* [PATCH net] tcp: handle inet_csk_reqsk_queue_add() failures
@ 2019-03-08 21:09 Guillaume Nault
2019-03-08 21:33 ` Eric Dumazet
0 siblings, 1 reply; 8+ messages in thread
From: Guillaume Nault @ 2019-03-08 21:09 UTC (permalink / raw)
To: netdev; +Cc: Eric Dumazet
Commit 7716682cc58e ("tcp/dccp: fix another race at listener
dismantle") let inet_csk_reqsk_queue_add() fail, and adjusted
{tcp,dccp}_check_req() accordingly. However, TFO and syncookies
weren't modified, thus leaking allocated resources on error.
Contrary to tcp_check_req(), in both syncookies and TFO cases,
we need to drop the request socket.
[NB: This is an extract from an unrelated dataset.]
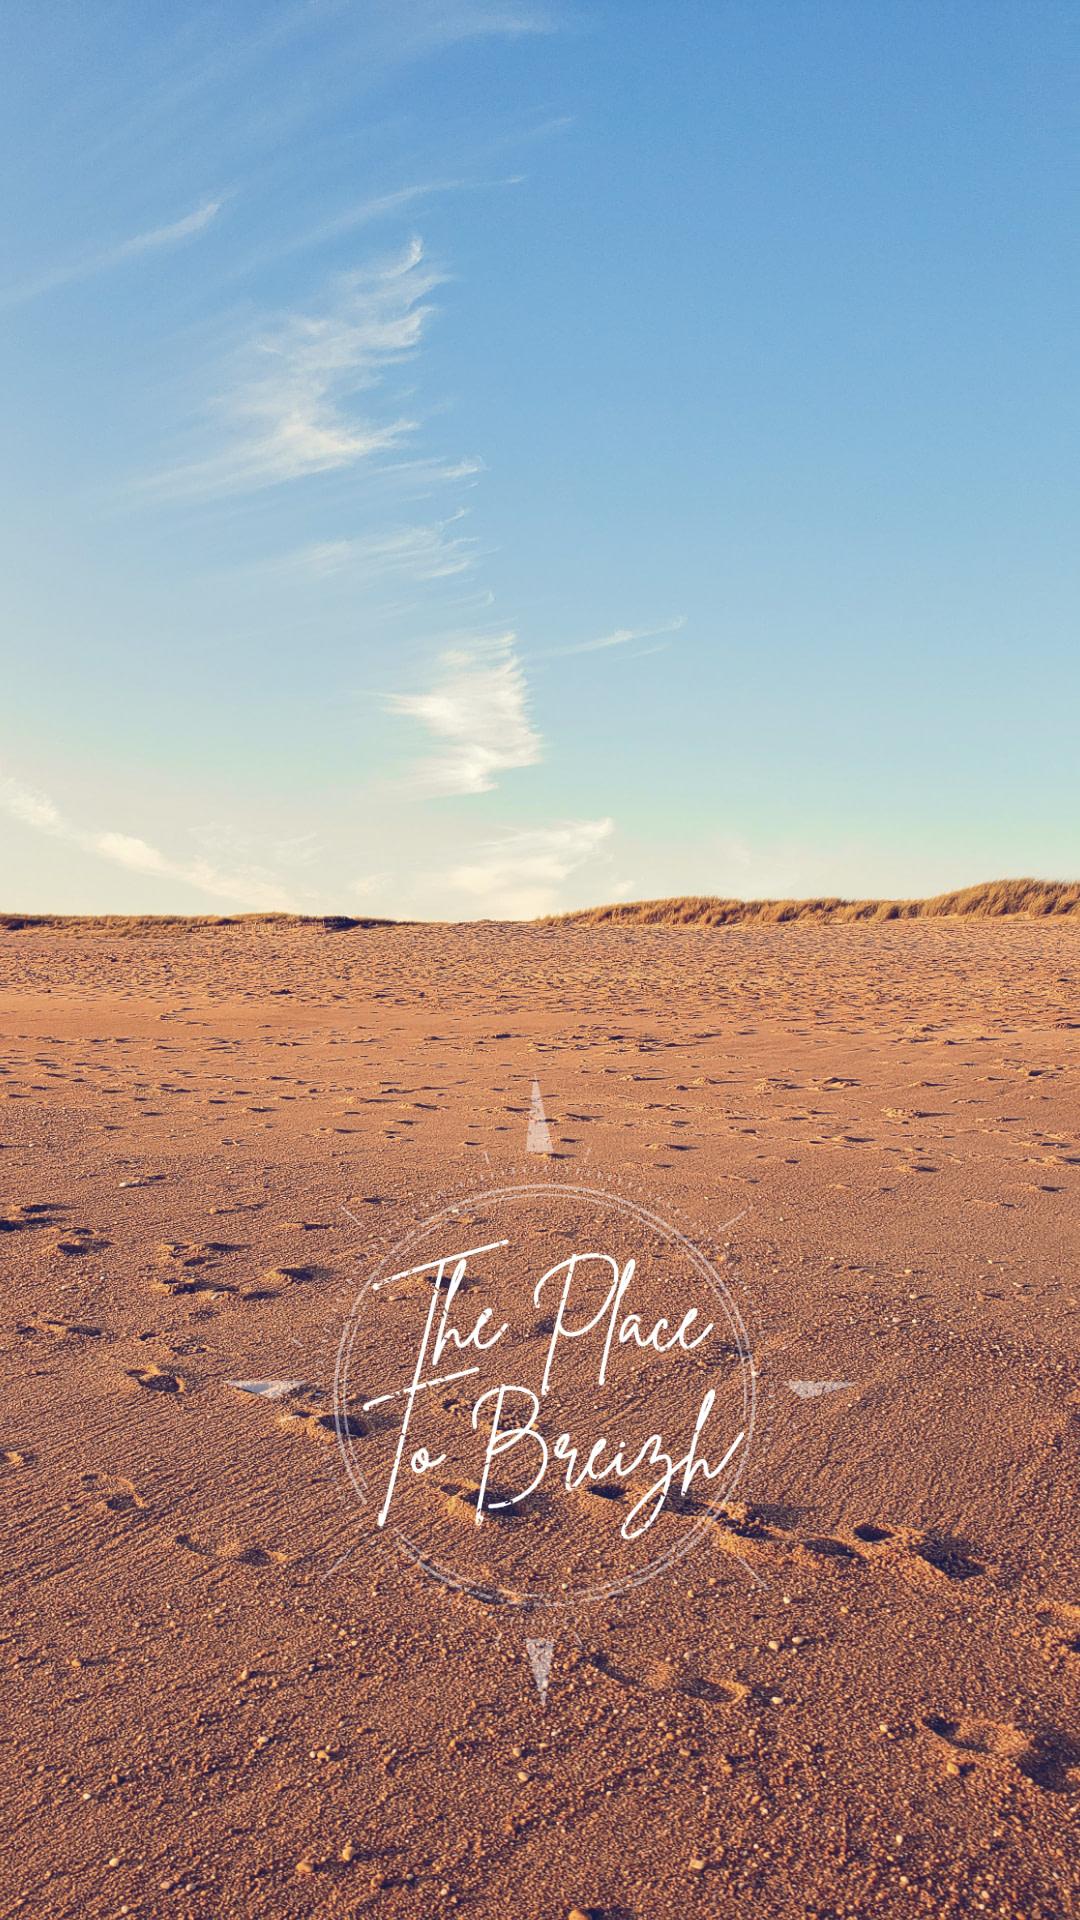 dune bretone

Also, since the child socket is
created with inet_csk_clone_lock(), we have to unlock it and drop an
extra reference (->sk_refcount is initially set to 2 and
inet_csk_reqsk_queue_add() drops only one ref).
For TFO, we also need to revert the work done by tcp_try_fastopen()
(with reqsk_fastopen_remove()).
Fixes: 7716682cc58e ("tcp/dccp: fix another race at listener dismantle")
Signed-off-by: Guillaume Nault <gnault@redhat.com>
---
Note for stable backports: this patch relies on da8ab57863ed
("tcp/dccp: remove reqsk_put() from inet_child_forget()"), to prevent
inet_child_forget() from dropping a reference from the request socket.
Therefore, for trees older than 4.14, commit da8ab57863ed has to be
backported before this patch.
net/ipv4/syncookies.c | 7 ++++++-
net/ipv4/tcp_input.c | 8 +++++++-
2 files changed, 13 insertions(+), 2 deletions(-)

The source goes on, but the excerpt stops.